We wound our way through the labyrinthine tunnels of the sector D service passages until we reached a tall ladder leading to the living quarters. I sent him up first and followed only once I was sure nobody was waiting with a gun. At the top, the ceiling was taller, and when we emerged, I could feel my body grow heavier. The artificial spin Pervenio Corp had provided the asteroid gave it simulated g conditions barely a fifth of Earth’s. It was still enough to have my old legs feeling sore from climbing.
“It’s right up here,” the man said. He was getting calmer, but I could still sense an edge in his voice. I hoped it wouldn’t cause him to try something stupid. I took no pleasure in killing those who didn’t deserve it, but I’d been ar
ound for far too long to let remorse get in the way of catching my targets. His life rested securely in his own hands.
“Grant, is that you?” someone hollered from up ahead, through the dim outline of a tall entranceway.
I lunged forward and grabbed the arm of the miner I now assumed was Grant. I leaned in close to his ear, making sure to push the end of my pistol hard against the center of his back. “Stay calm and respond that it’s you,” I whispered.
He swallowed audibly. “It’s me!” he shouted.
We were close enough to the refectory’s entrance for me to recognize where the heat signatures of those inside were coming from. A few held light-torches, likely all pried off the hoods of mining crawlers. The two by the entrance were positioned in a way that told me they were carrying more of the guns they’d no doubt stolen from the ousted Pervenio security team.
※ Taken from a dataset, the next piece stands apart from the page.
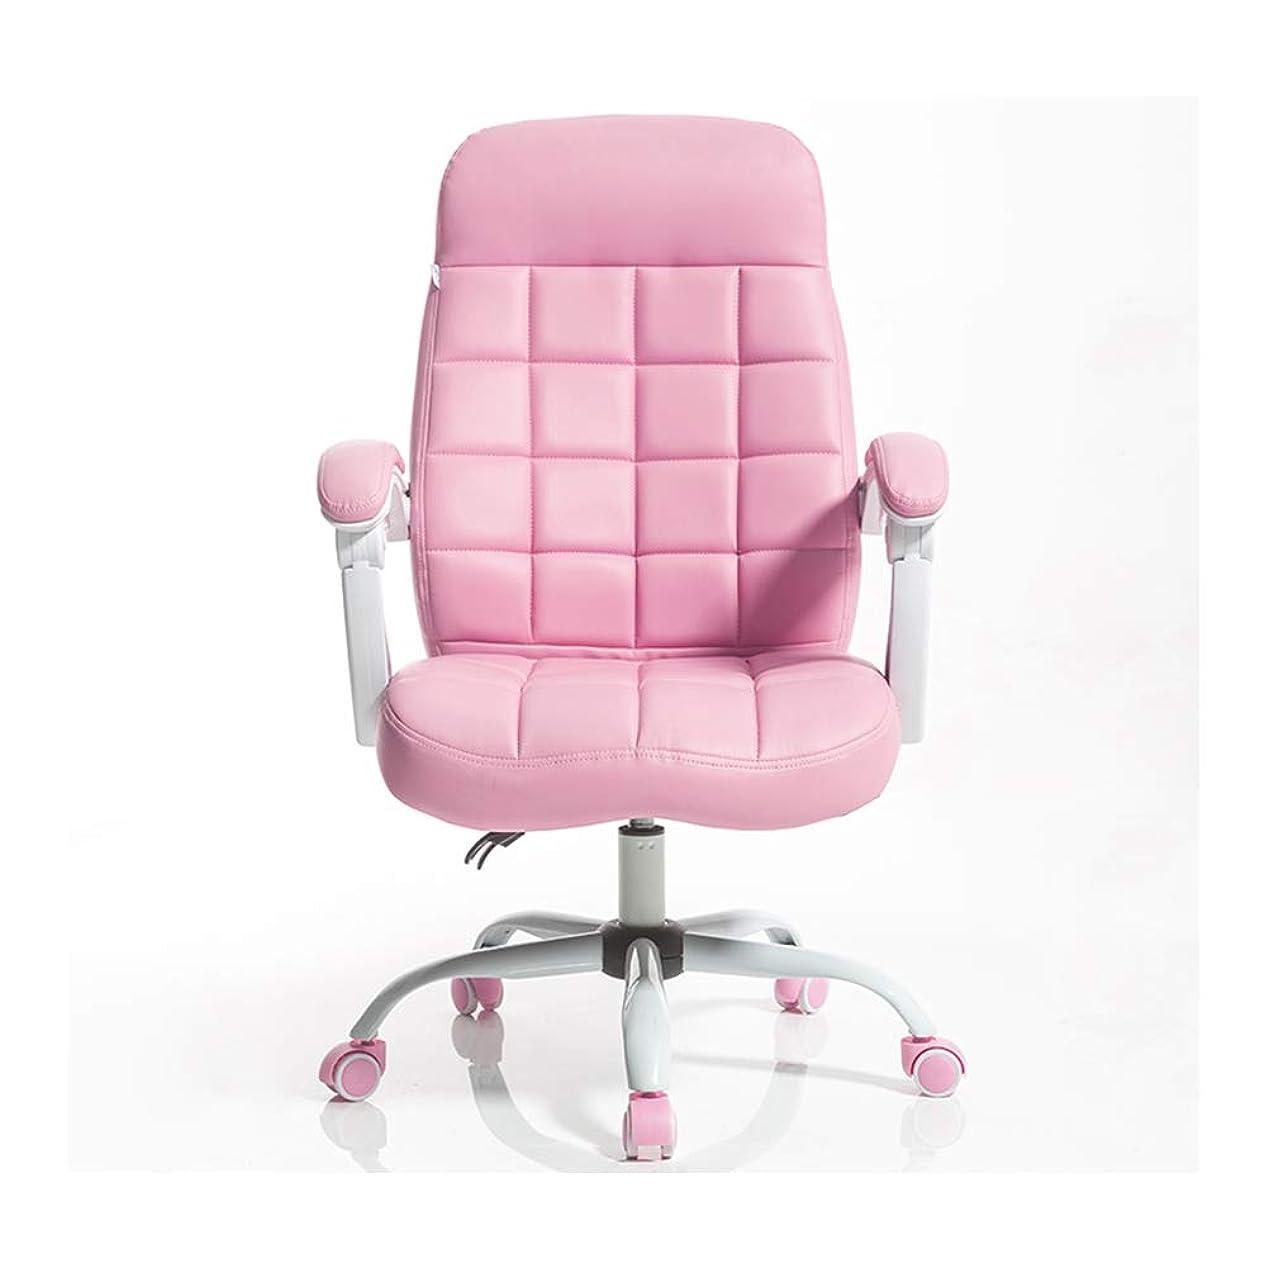 所得感謝する温度人間工学に基づいたリクライニングチェアのオフィス用コンピュータチェア、高さ調節可能なEスポーツゲームの回転椅子、フットレストとランバー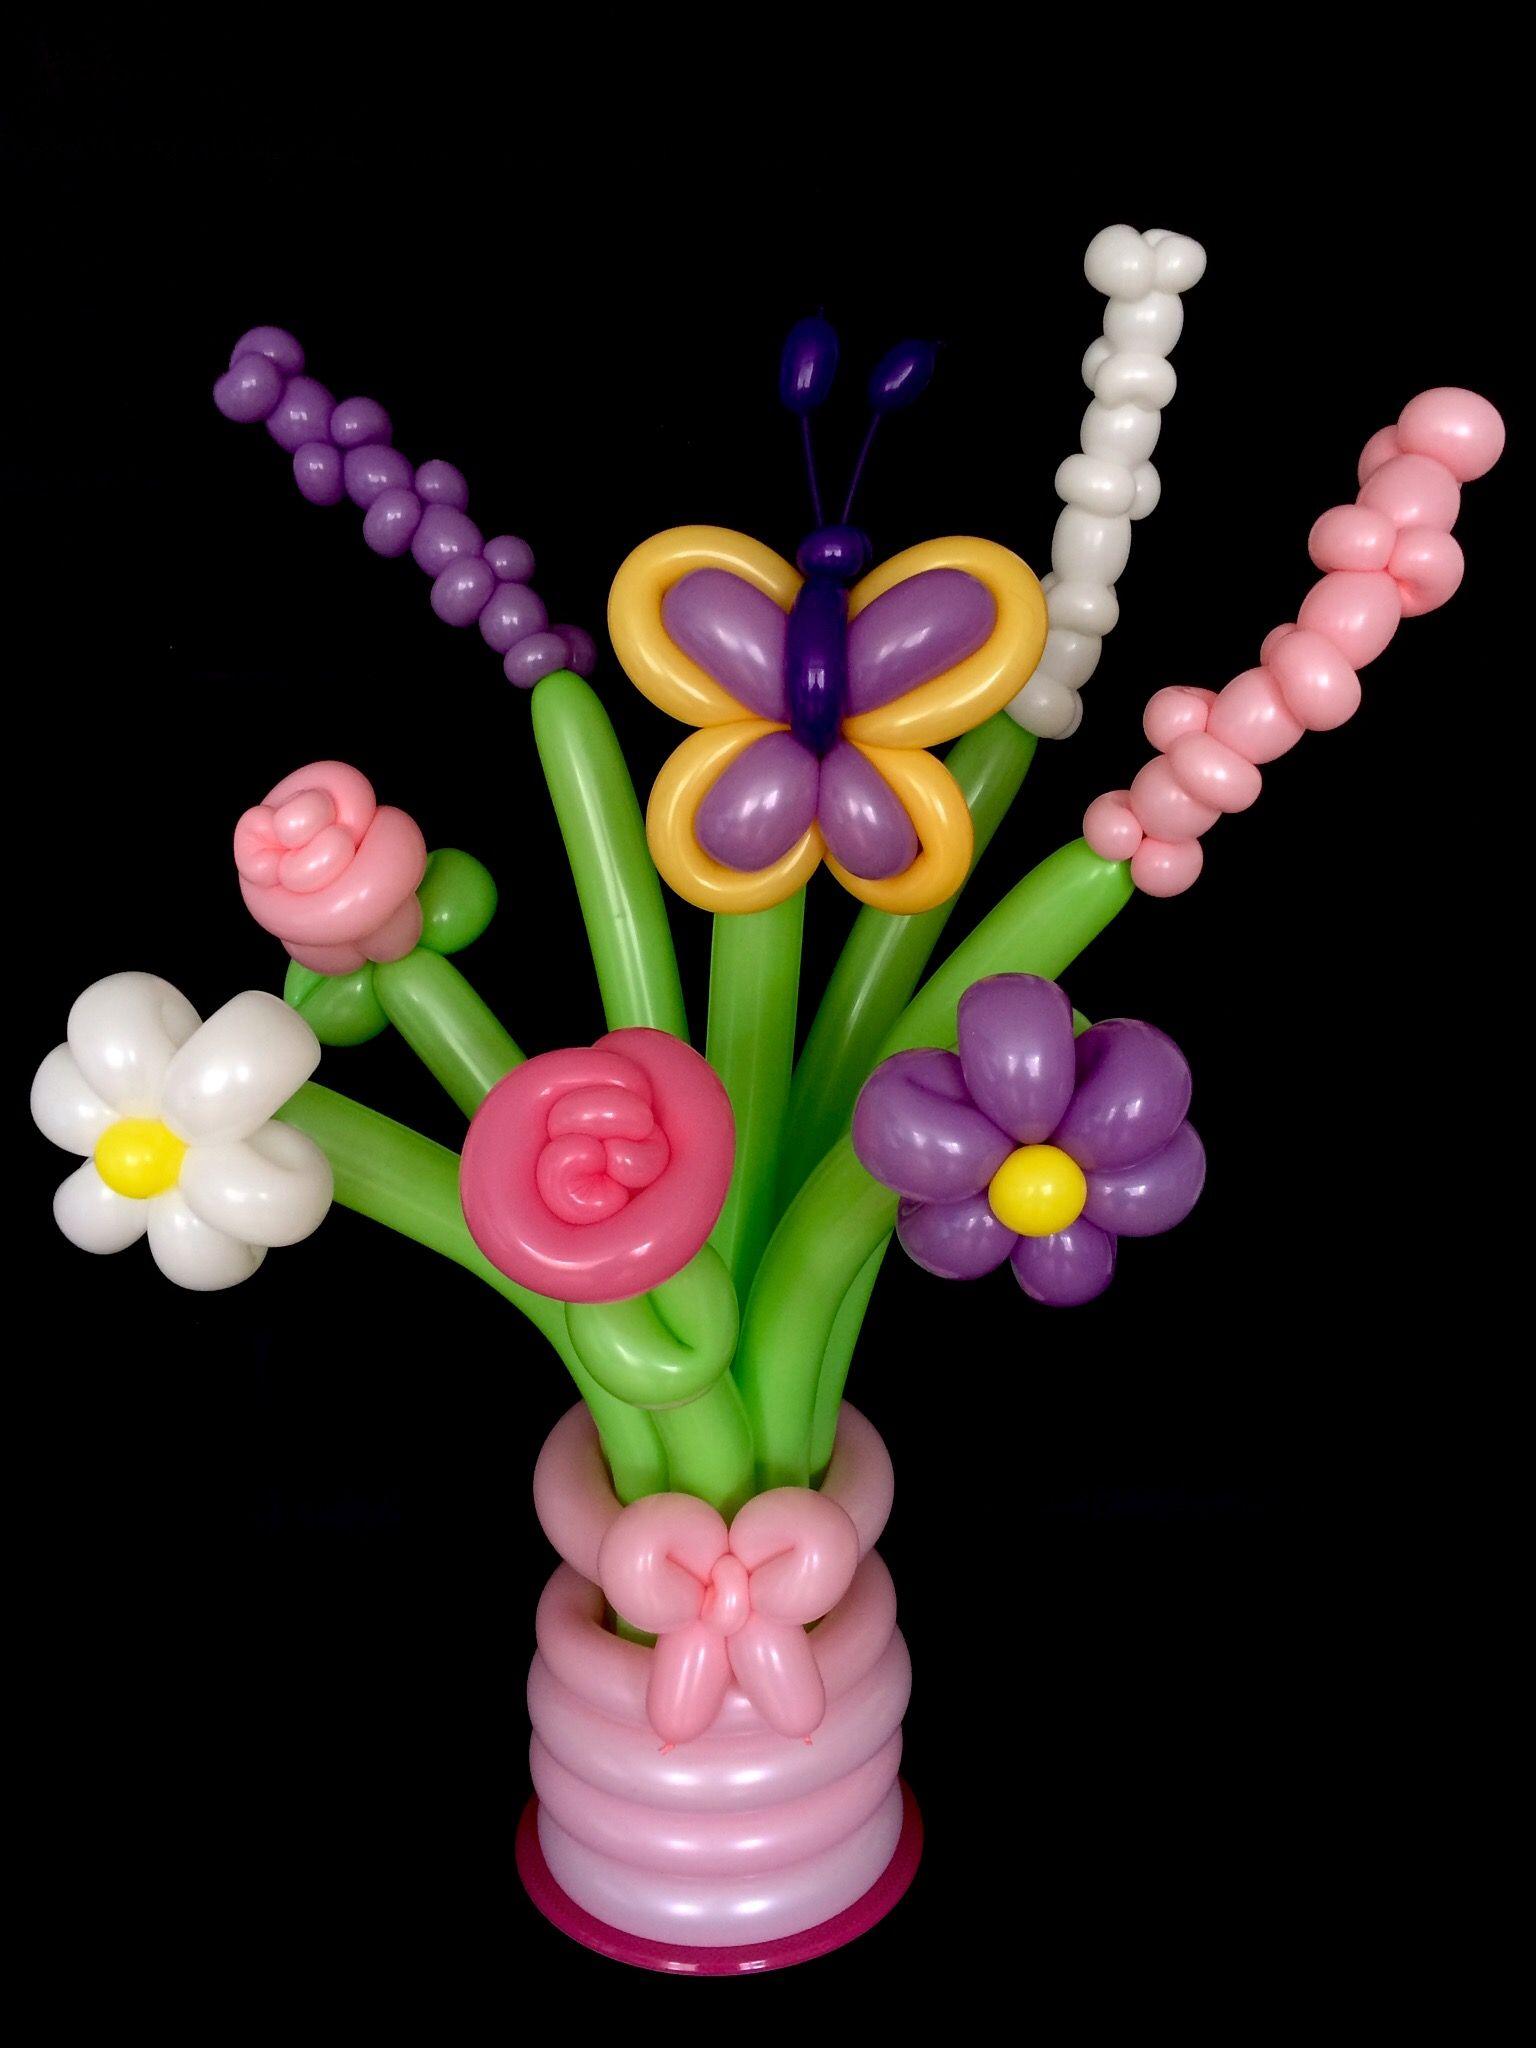 Flower Balloon Bouquet | balloon bouquets | Pinterest | Flower ...

Grant took a step forward, but I stopped him and ripped the light out of his hand. “Thank you, Grant,” I said softly. “You’ve been smart today.” He went to reply, but as soon as he did, I knocked him in the back of the head. He folded over onto my open hand, and I gently lowered him to the ground before pressing onward.
“Took you long enough, Grant,” the same voice from earlier groused. “Still no word from sector C?”
I remained quiet, busy planning my route of attack as I got closer. When I reached the point right before their lights would reveal me, I fired a disarming shot at each of the miner guards’ shoulders.